Indeed, the argument about an allegedly wrongful accusation of identity theft tends to prove, rather than disprove, that Petitioner's shooting of his brother was not accidental.
Petitioner argues that the search of the F. A. Ash Way residence was unlawful as well, but he has produced no evidence to support this assertion. The officers entered that residence after announcing themselves and after Petitioner failed to appear. They had a warrant for Petitioner's arrest. Ronald Rolle had told the officers that Petitioner shot him. The shotgun was missing. Petitioner knew this, and he was in the attic with two loaded weapons. The officers found shotgun shells on the washer and the opening to the attic was ajar. Petitioner was not found in the main parts of the house. When a mirror on a long pole was inserted into the opening, Petitioner pushed it away. Petitioner was ordered to get out the attic for the safety of everyone present, and he did. Incident to this arrest, the officers, for their own safety, if nothing else, were authorized to go into the attic to be sure no one else with a weapon was up there. They found the shotgun and a handgun in the attic, both loaded. This was entirely proper protective sweep incident to an arrest pursuant to an arrest warrant, even if there had not been a search warrant. Still, Officer Womble said there was a search warrant and Petitioner has come forward with no evidence to the contrary.

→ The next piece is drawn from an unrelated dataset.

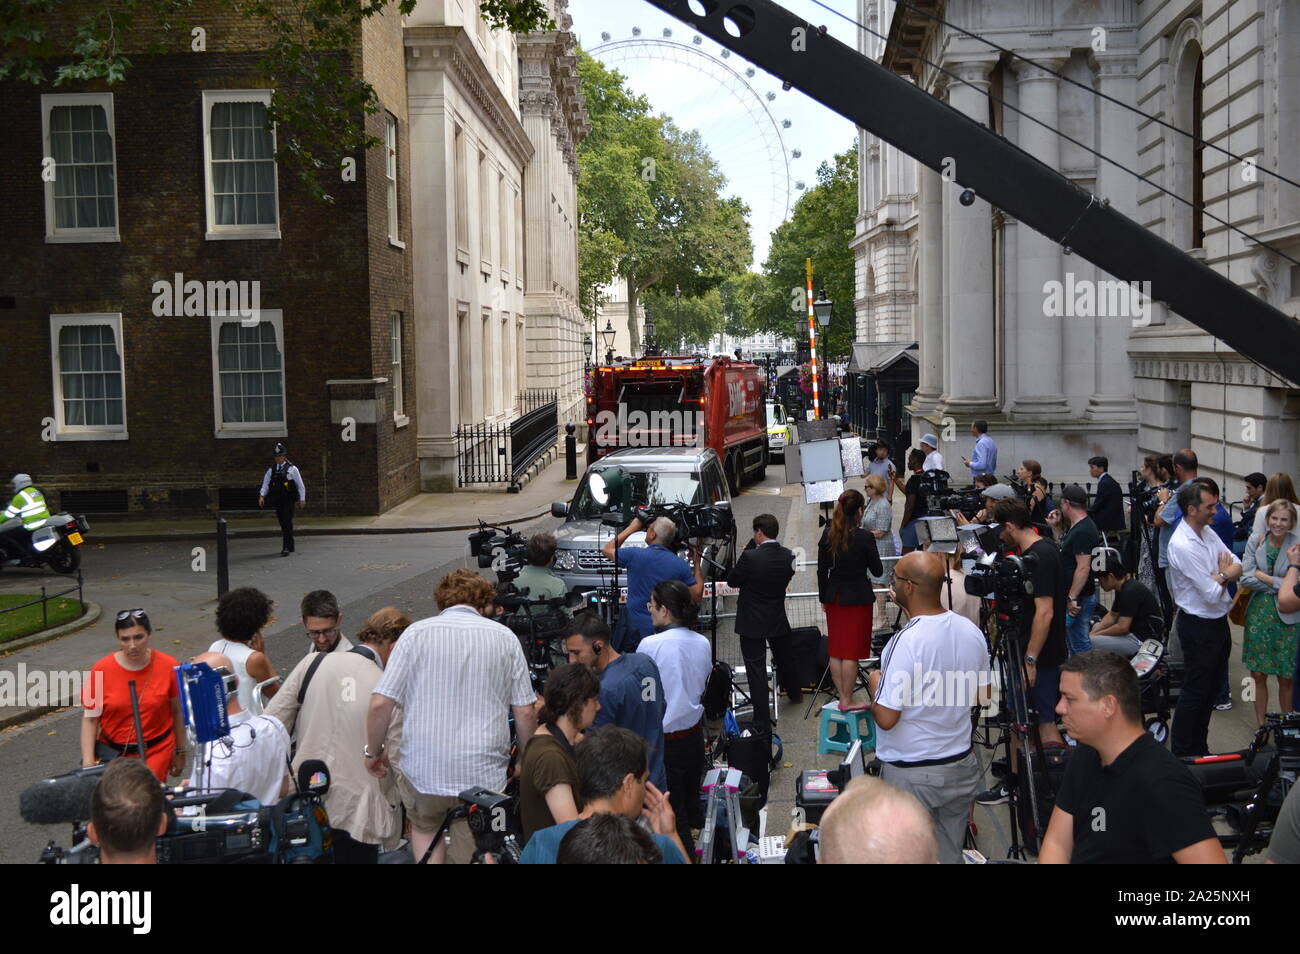 Basura (basura) camión llega en Downing Street en la mañana de la dimisión de theresa mayo como primer ministro británico. El 24 de julio de 2019 Foto de stock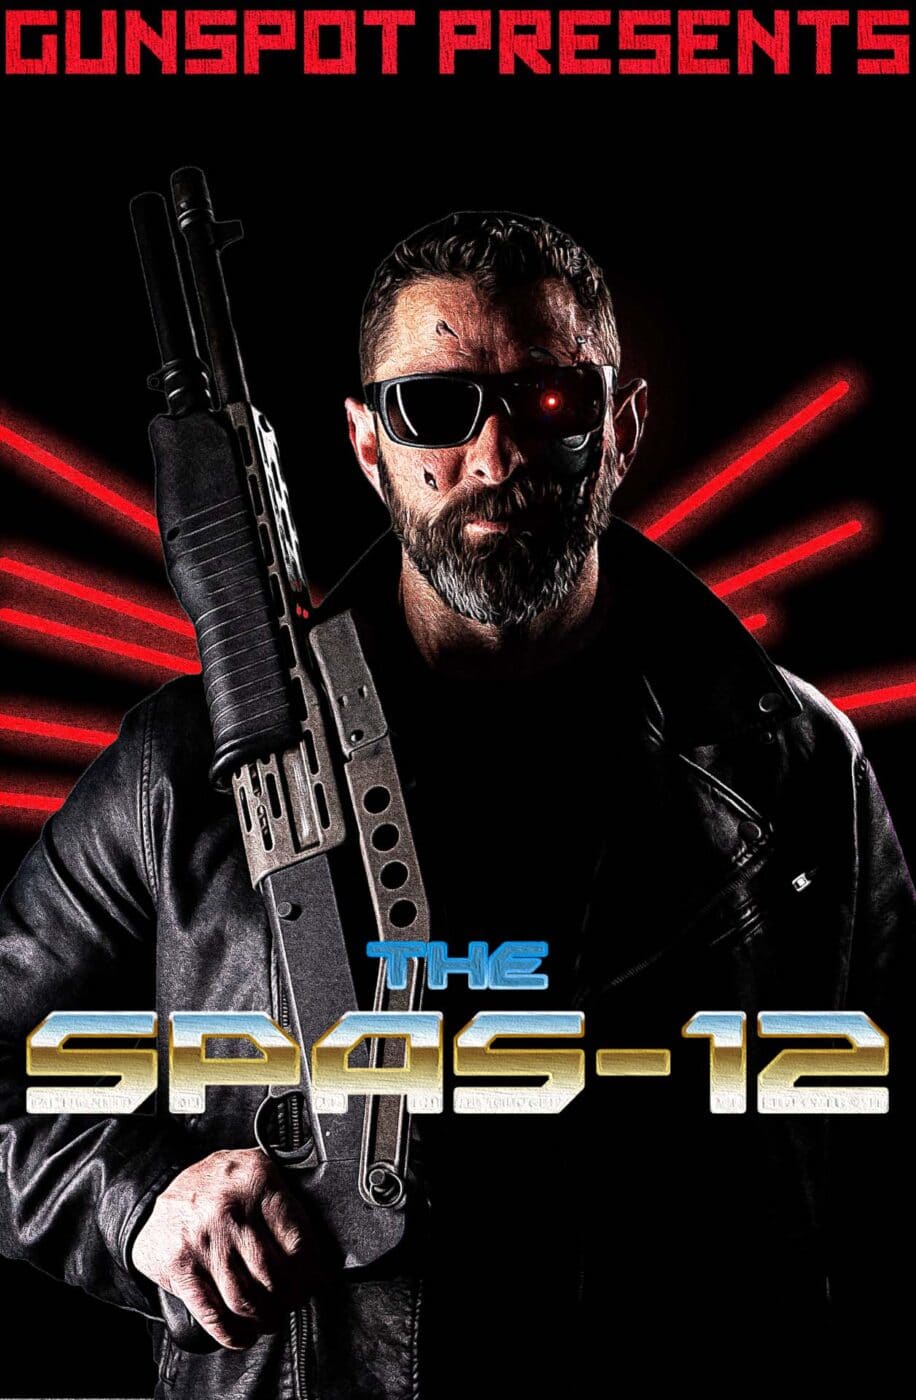 SPAS-12 shotgun poster

As a consequence, Petitioner's lawyer had no Fourth Amendment claim to make and was not ineffective for pursuing a frivolous motion. Petitioner had no Fourth Amendment claim to make on appeal, either, and he knew that he waived his defenses when he entered a guilty plea.
Conclusion
Accordingly, it is RECOMMENDED that 28 U.S.C. § 2254 petition for writ of habeas corpus filed by Randall Lamont Rolle challenging conviction for possession of a firearm having been previously convicted of a felony in the Circuit Court of the Second Judicial Circuit, in and for Leon County, Florida, case number 2002-CF-4016, be DENIED WITH PREJUDICE. IN CHAMBERS at Tallahassee, Florida.
NOTICE TO THE PARTIES
A party may file specific, written objections to the proposed findings and recommendations within 15 days after being served with a copy of this report and recommendation. A party may respond to another party's objections within 10 days after being served with a copy thereof. Failure to file specific objections limits the scope of review of proposed factual findings and recommendations.